» SOURCE MATERIAL
+++
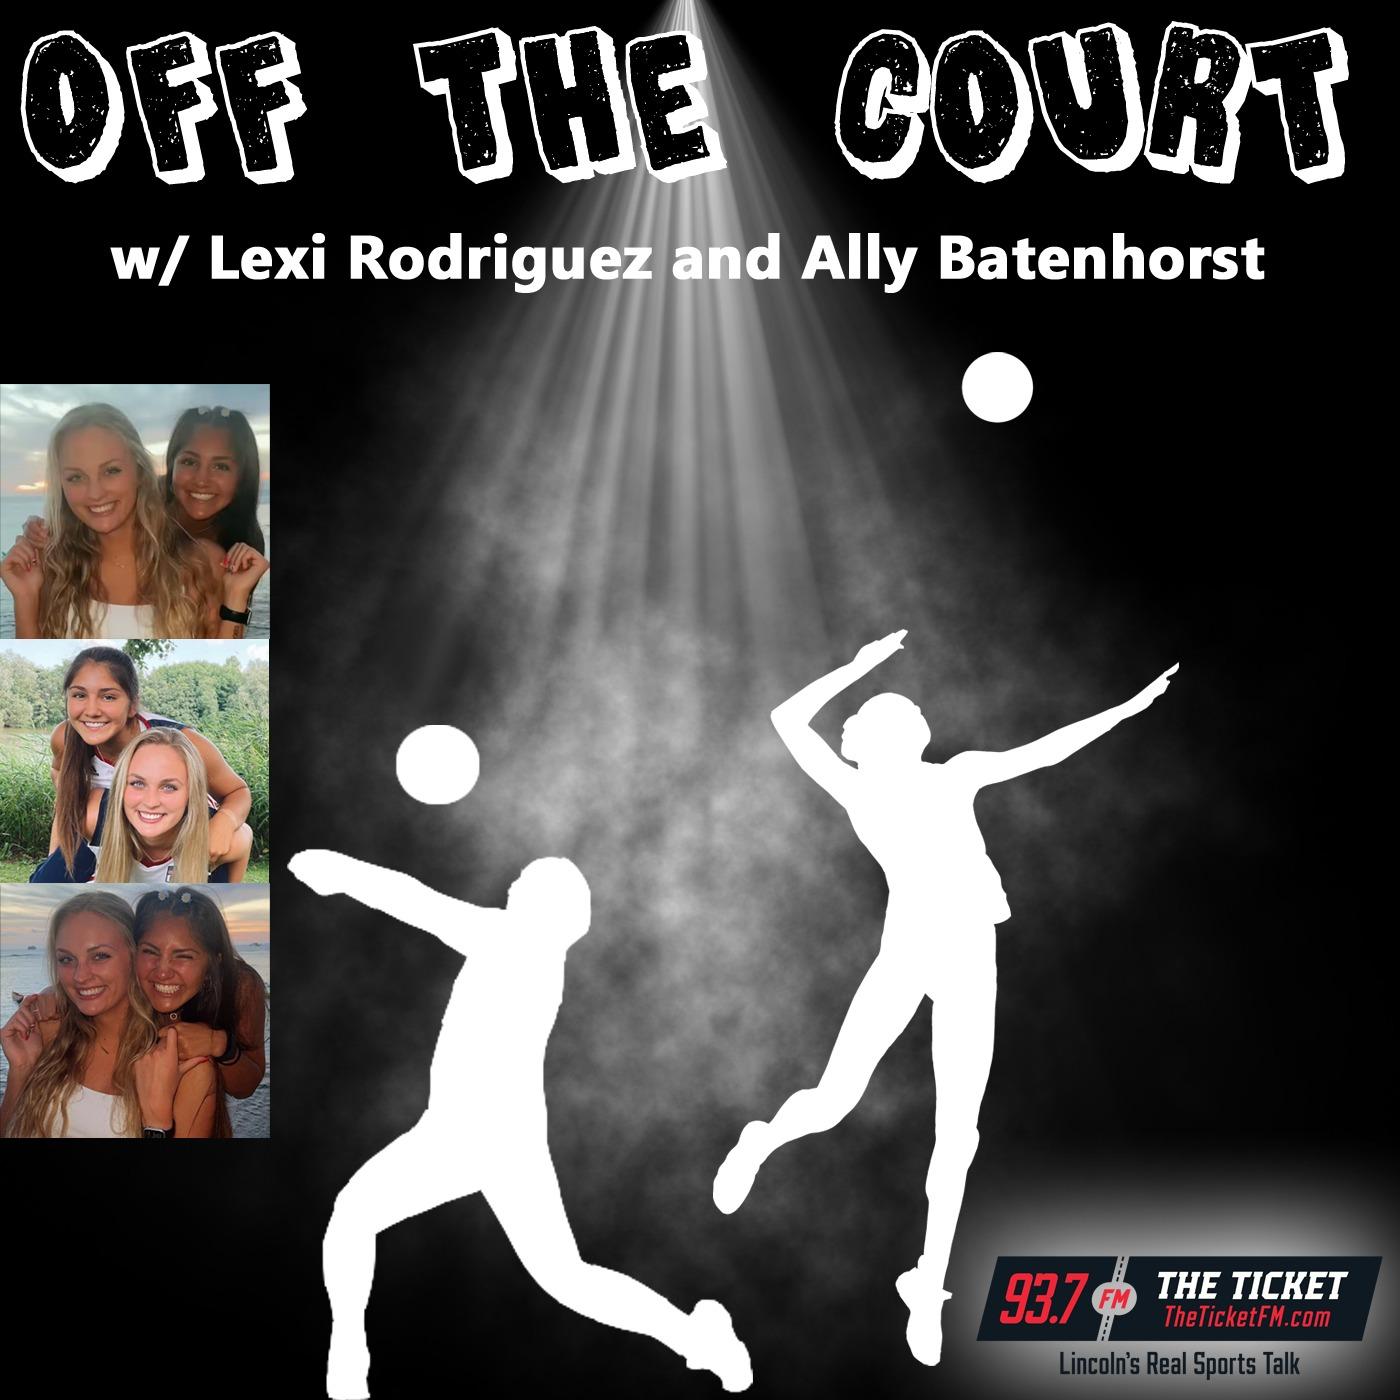 Off the Court w/ Lexi Rodriguez and Ally Batenhorst
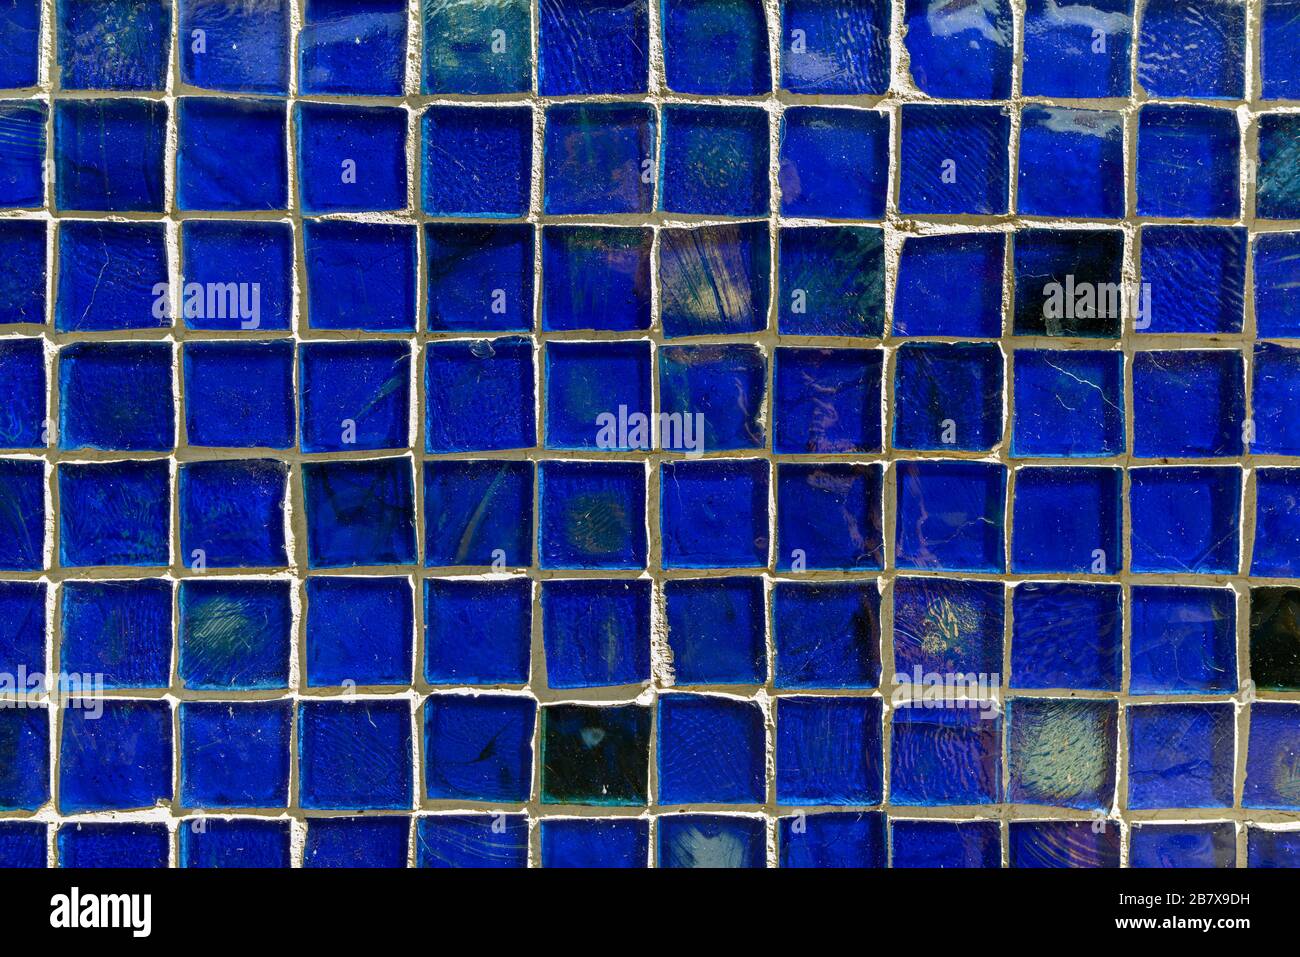 Abstract Background With Blue Tiles on Wall Stock Photo
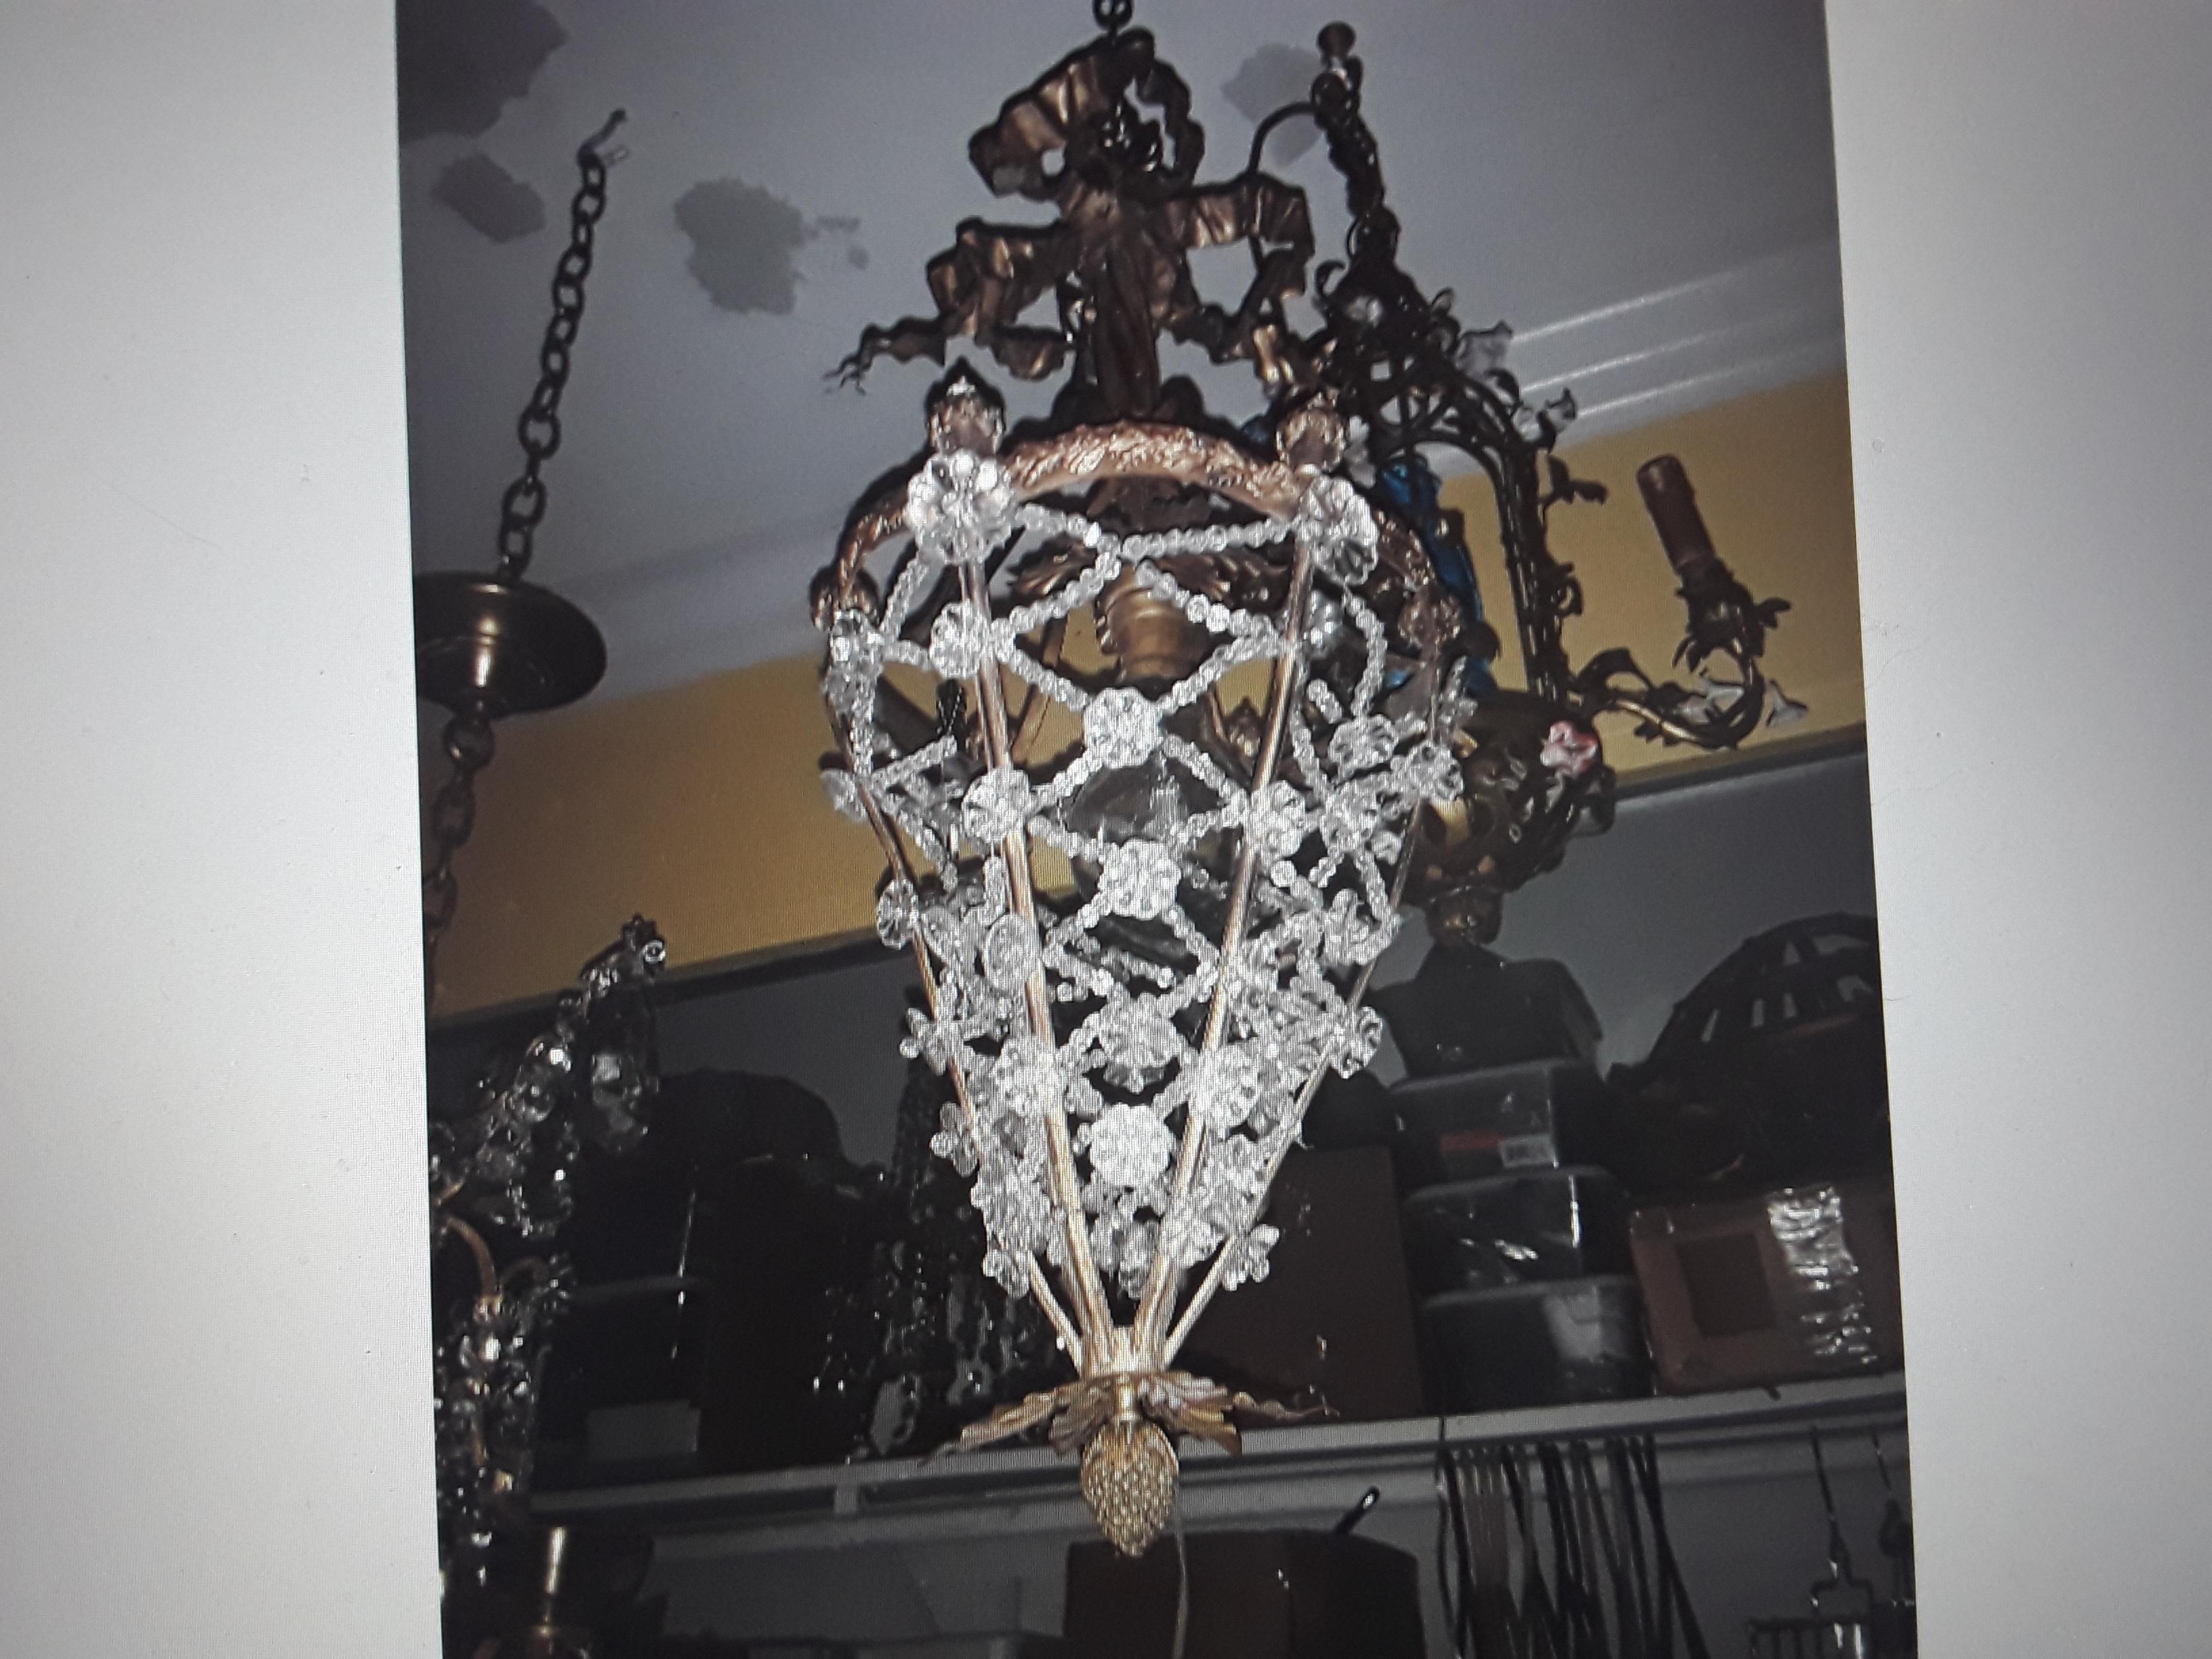 Stunning 19thc French Antique Louis XVI style Crystal Beaded Bronze Framed Lantern Fixture/ Chandelier. This type of fixture is rare as for it to last over 120 years is rare due to the delicate beading work.
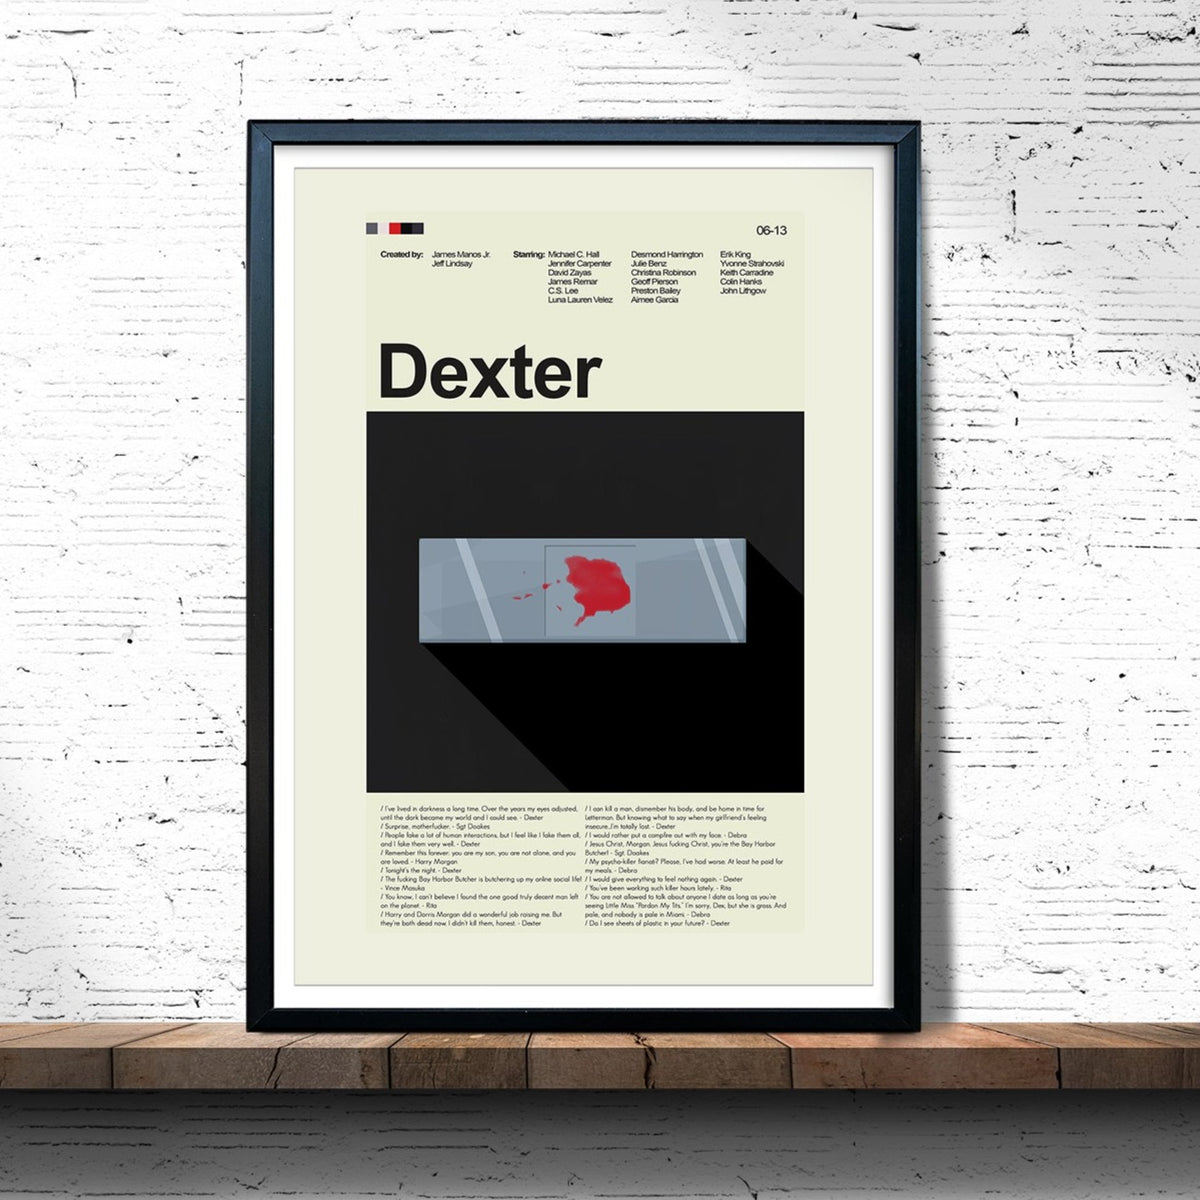 Dexter - Glass Slide | 12"x18" or 18"x24" Print only
+++
» YOUR INSTRUCTIONS
Copy out all of the material exactly as written, without its pictures.

» FINISHED EXERCISE
 Off the Court w/ Lexi Rodriguez and Ally Batenhorst
 Abstract Background With Blue Tiles on Wall Stock Photo
 Stunning 19thc French Antique Louis XVI style Crystal Beaded Bronze Framed Lantern Fixture/ Chandelier. This type of fixture is rare as for it to last over 120 years is rare due to the delicate beading work.
 Dexter - Glass Slide | 12"x18" or 18"x24" Print only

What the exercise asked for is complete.